Judgment No. HB 74/2004
Case No. HCA 84/2001
CONCERN NYONI
Versus
GRACE MOYO
IN THE HIGH COURT OF ZIMBABWE
CHEDA & NDOU JJ
BULAWAYO 7 OCTOBER 2002 AND 27 MAY 2004
J Sibandafor applicant
J Moyofor respondent
Civil Appeal
NDOU J: The respondent issued a summons out of the Magistrates’ Court claiming a share of assets acquired during the customary marriage. The marriage was not registered. As this was an unregistered marriage there was no accompanying prayer for an order for divorce. Before the hearing the issue of movable property had largely been resolved except for a few items. We are not going to concern ourselves with these movable assets as the notice of appeal deals only with the issue of the just and equitable distribution of the matrimonial home. I say so because of the appellant’s representative submitted during the trial in the court a quo-
“We acknowledge the marriage and we accept she is entitled to a share but what we are querying is degree of contribution”.

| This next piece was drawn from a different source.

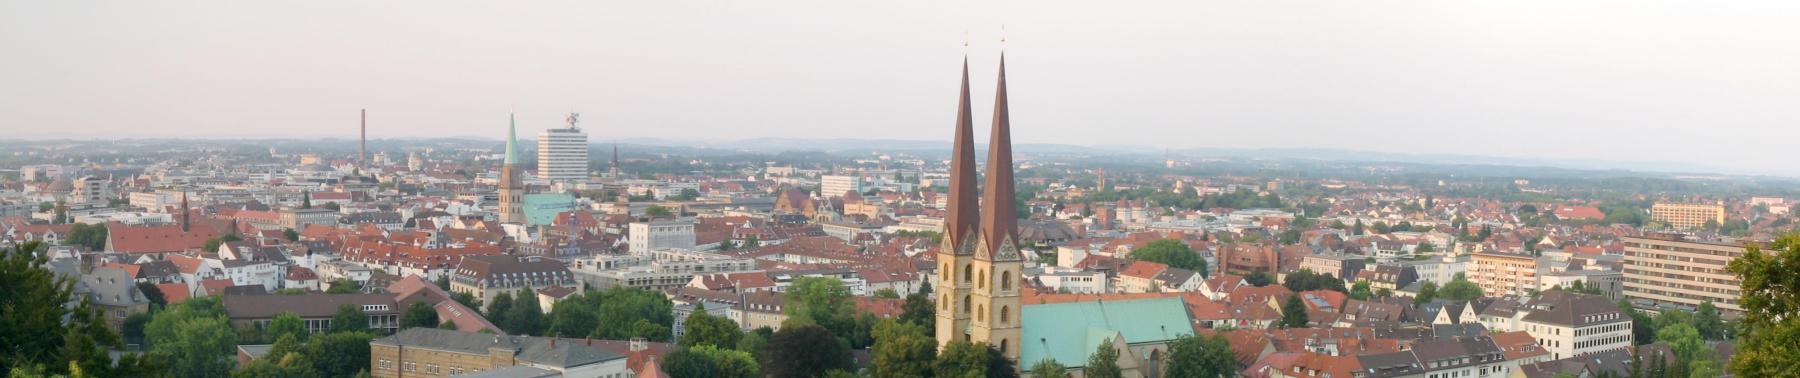 Der Beweis: Bielefeld existiert doch. (Foto: fab/Wikipedia CC BY-SA 3.0)
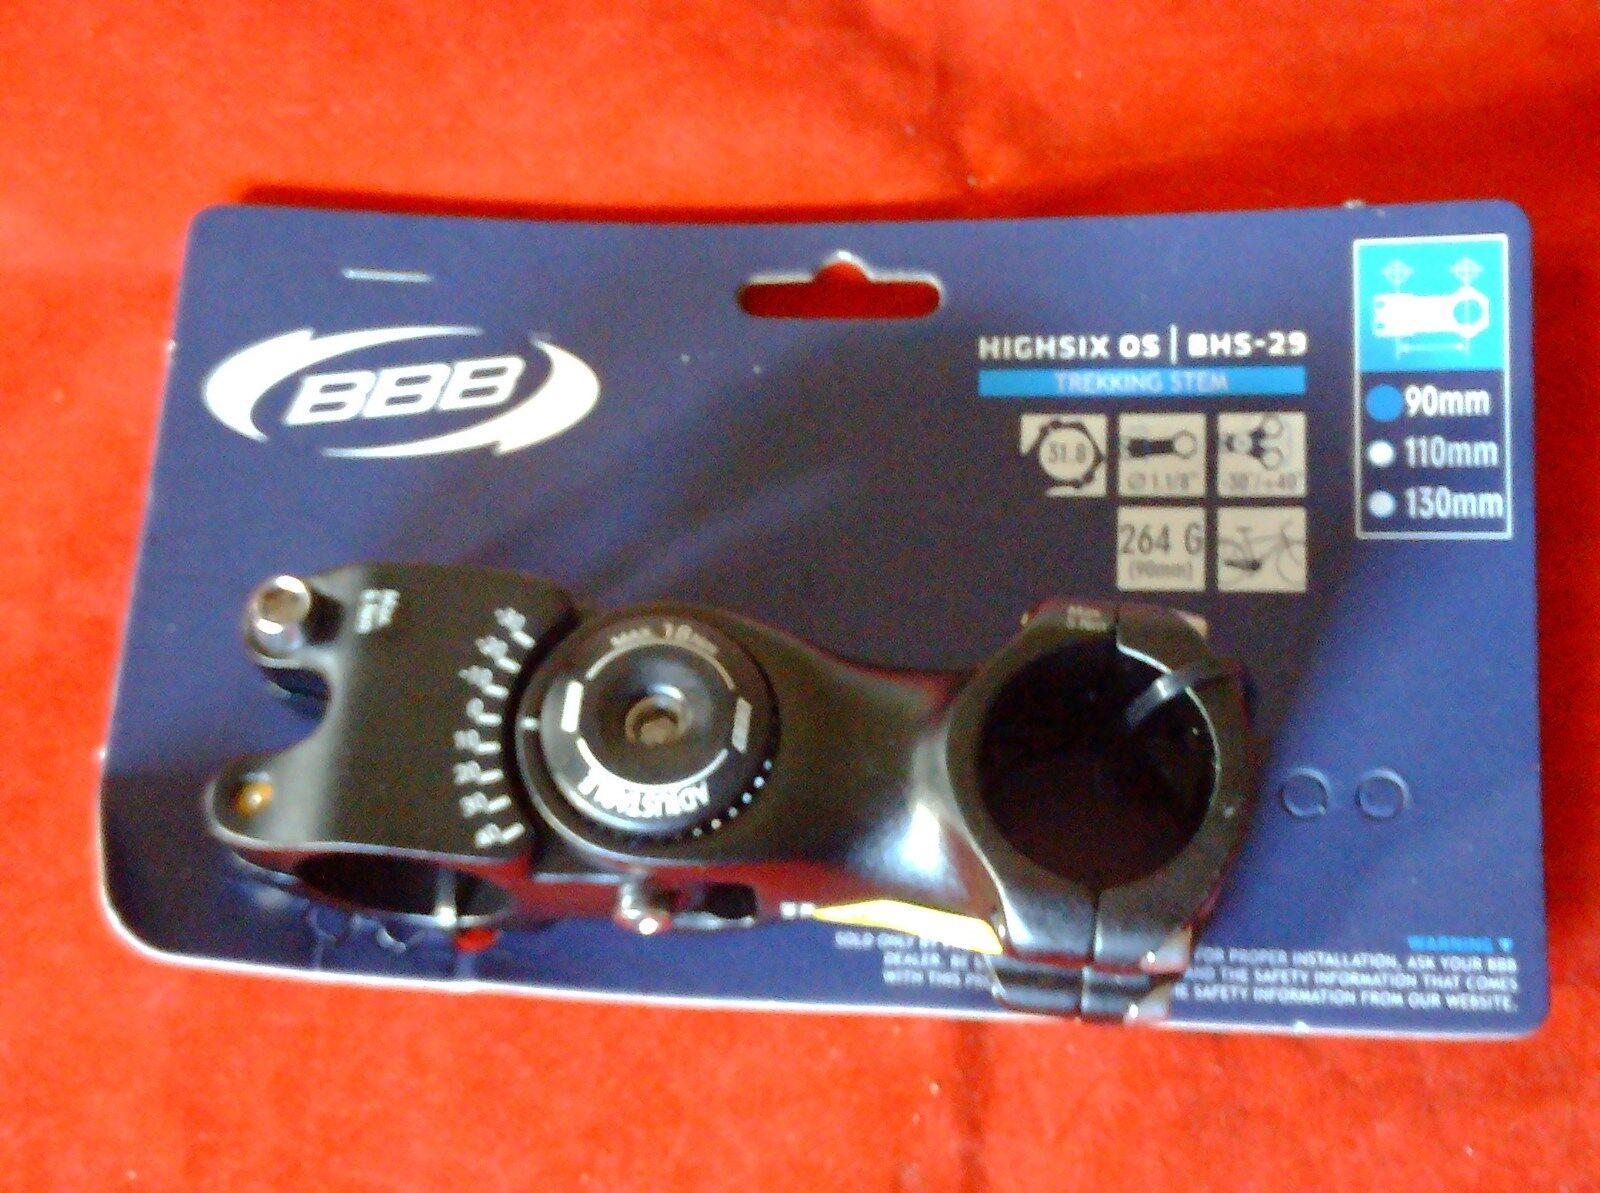 BBB HIGHSIX ADJUSTABLE   1 1 8  AHEAD STEM 90mm, 31.8mm BARS  more discount

In the notice of appeal, which the appellant personally drafted, he says-
“I hereby appeal against the judgment passed by Magistrate N Vusango on 24 May 2001. While I agree to give Grace Moyo something, I feel selling and giving her half price of house number 21396 Pumula South is too much considering that financially she did not contribute anything to the construction of the house … I request to be given time to buy out Grace Moyo at one quarter the price of the house …” (Emphasis added)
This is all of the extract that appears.